Surviving With Purpose

April 26, 2020
Mike Verano
Mike Verano

Mike Verano is a licensed professional counselor, licensed marriage and family therapist and thymic cancer survivor with over 30 years experience in the mental health field. Mike has had articles published in national and international magazines and is the author of The Zen of Cancer: A Mindful Journey From Illness to Wellness. In addition, he maintains the blog, Confessions of a Pacifist in the War on Cancer. He and his wife, Kathy, live in Lanexa, Virginia.

Purpose directs the energy outward, and when tied to a beneficent cause, the experience is that of being connected to a deeper source— worry for self becomes compassion for others.

As many of the CURE contributors have mentioned, these COVID-19 days are very reminiscent of cancer treatment. The concerns about depleted immune systems, the avoidance of all things possibly contaminated, the fears, both rational and irrational and the overriding question of whether life would ever return to normal. All flooded back as news about coronavirus spread.

I have purposely tried to keep in the front of my mind the lessons learned from survivorship— the understanding that fears grow the more we attend them, that not every twinge, ache and pain means the beast returned. I have returned to breathing techniques meant to calm an over-active amygdala and the distracting effects of concentrating on tasks at hand. However, in the back of my mind, the dark recesses where I placed the more troublesome aspects of cancer and its treatments, there rises the occasional whisper of doubt, "did I survive cancer only to succumb to what will surely become the new "C" word? Does my reduction in lung capacity due to surgery and radiation put me on the shortlist for who COVID-19 is stalking?"
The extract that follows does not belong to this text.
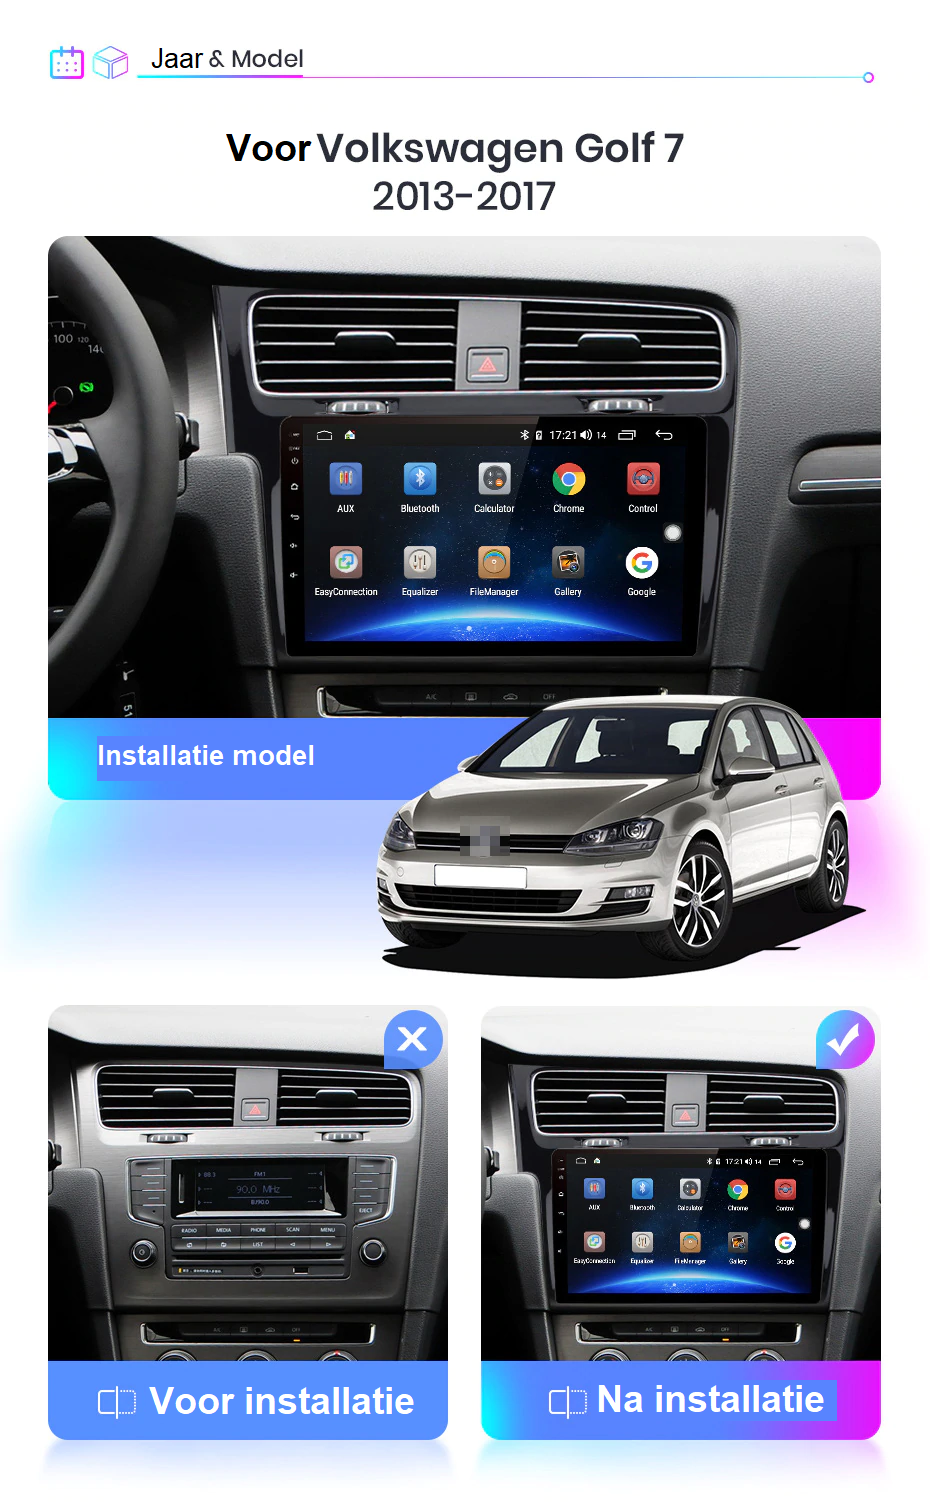 Miniatuur Ongepast Gelijkmatig VW Golf 7 navi multimedia android - Uw auto elektronica specialist

However, cancer taught me that wrestling with these dark thoughts is useless. While living ill, as a patient, only makes wellness seem like a mirage. The antidote was and still is living with a purpose. Not a divine calling - although if you've heard that voice, God bless - but pointing oneself toward something meaningful beyond the small needs of the ego.

"Choose purpose, not panic," is how I heard it described recently.

In all my years of psycho-therapeutic practice, nothing has seemed so meaningful, useful and even necessary. The skeptic would point out that choosing not to panic is just not an option right now— panic happens. While it's true that panic is a byproduct of uncertainty, threats to self and others and dire forecasts, the good news is that the two are mutually exclusive. Purpose turns panic back to its original source as simply energy— with panic the energy lodges in the body and disturbs its equilibrium. Purpose directs the energy outward and when tied to a beneficent cause, the experience is that of being connected to a deeper source as worry for self becomes compassion for others.

Like a cancer diagnosis, the pandemic scare touches everyone in some way. Perhaps, those of us who entered survivorship through the cancer door can assist those who are currently seeking comfort, understanding and support as this current crisis unfolds. While the mechanics of cancer and COVID-19 are dissimilar, the human reaction remains the same. As does the call to alleviate suffering in ourselves and others.

Who better to point the way than those of us who have walked that road?